Looking for a 2 bedroom condo in the Orlando area for Dec. 20-27th AND December 27 - January 3rd.

Rose


----------



## voyager1

Sent you a P.M.


----------



## soccermom25

*Orlando Resort 2-bedroom Dec. 27 - Jan. 3rd*

We are looking for a 2 bedroom condo in the Orlando area for December 27 - January 3rd.

Rose


----------



## soccermom25

Wanted: 2 bedroom condo at Bonnet Creek, Orange Lake or Summer Bay Resort.
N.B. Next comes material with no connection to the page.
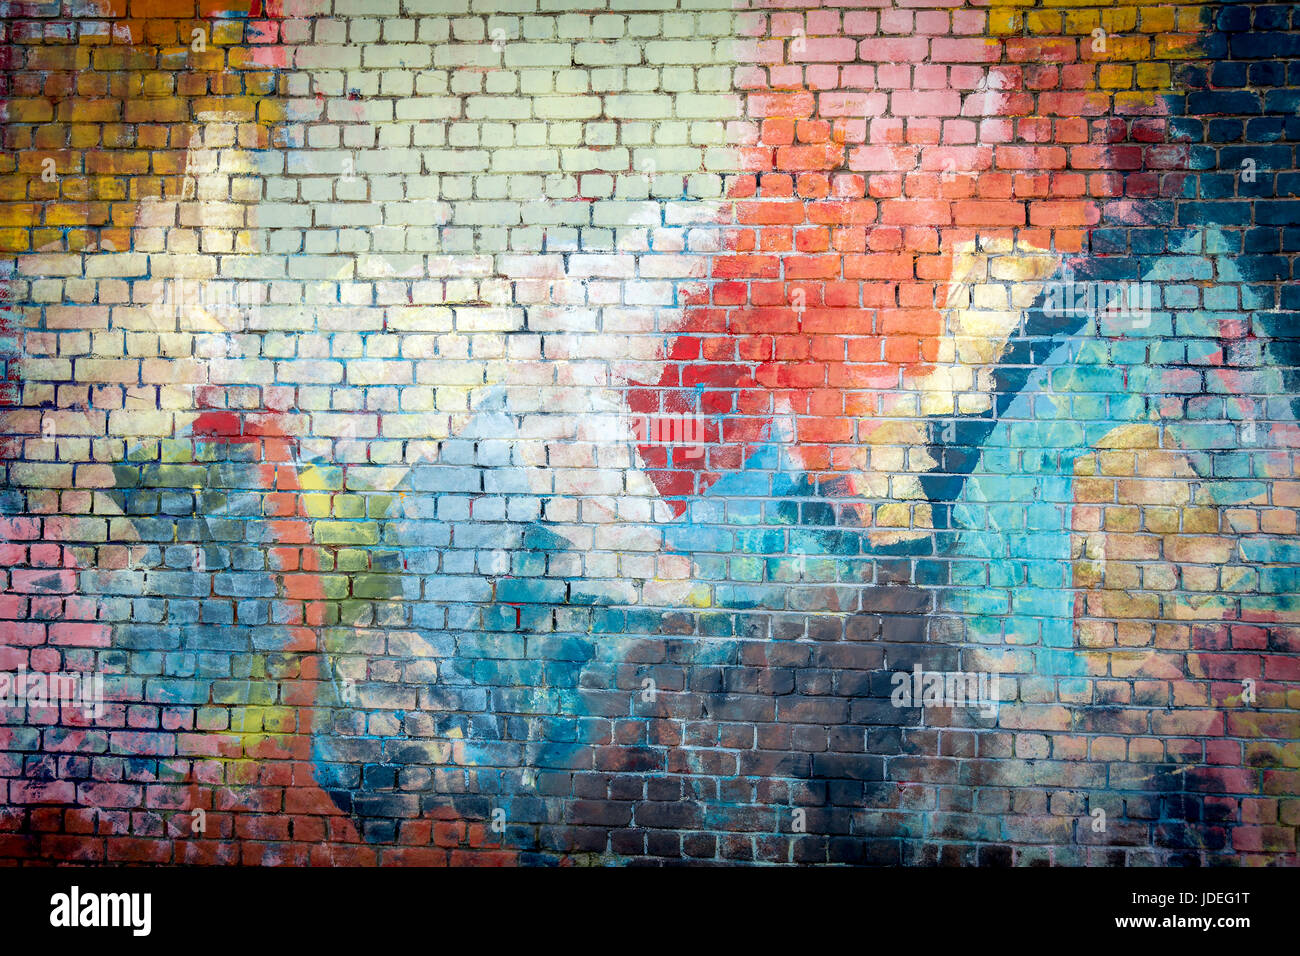 Multi coloured graffiti painted brick wall background Stock Photo - Alamy

Need the week of Dec. 27 - Jan. 3. 

Rose


----------



## soccermom25

*Wanted: 2 BR resort for December 27 - January 3*

Looking for a 2 or 3 bedroom Orlando resort for Dec. 27 - Jan. 3rd. 

Glenn


----------



## ronandjoan

Did you check the 2 bd sleep 8 listed in the rentals offered?


----------



## soccermom25

Do you have Wyndham Bonnet Creek for the week of Dec. 27 - Jan. 3rd?

Rose


----------



## soccermom25

*Wanted: 2 BR resort for December 27 - January 3*

Looking for a 2 or 3 bedroom Orlando resort for Dec. 27 - Jan. 3.


----------



## soccermom25

*Wanted: 2 bdrm. at Orange Lake Resort*

Need a 2 or 3 bedroom at Orange Lake or other Orlando Resort! 12/27 - 1/3 or 12/26 - 1/2.....

Rose


----------



## DeniseM

Rose - If you wish to add to this request, please post in the same thread, rather than starting new ones - thank you.


----------



## soccermom25

*Still looking for Dec. 27-Jan. 3*

I am looking for a 2 or 3 bedroom unit at an Orlando resort. Cancellations? HELP!

Thank you,
Rose


----------



## DeniseM

Rose - Instead of starting a new thread each day, please add your new post to this thread.  Adding a new post will bump the thread up to the top of the forum.


----------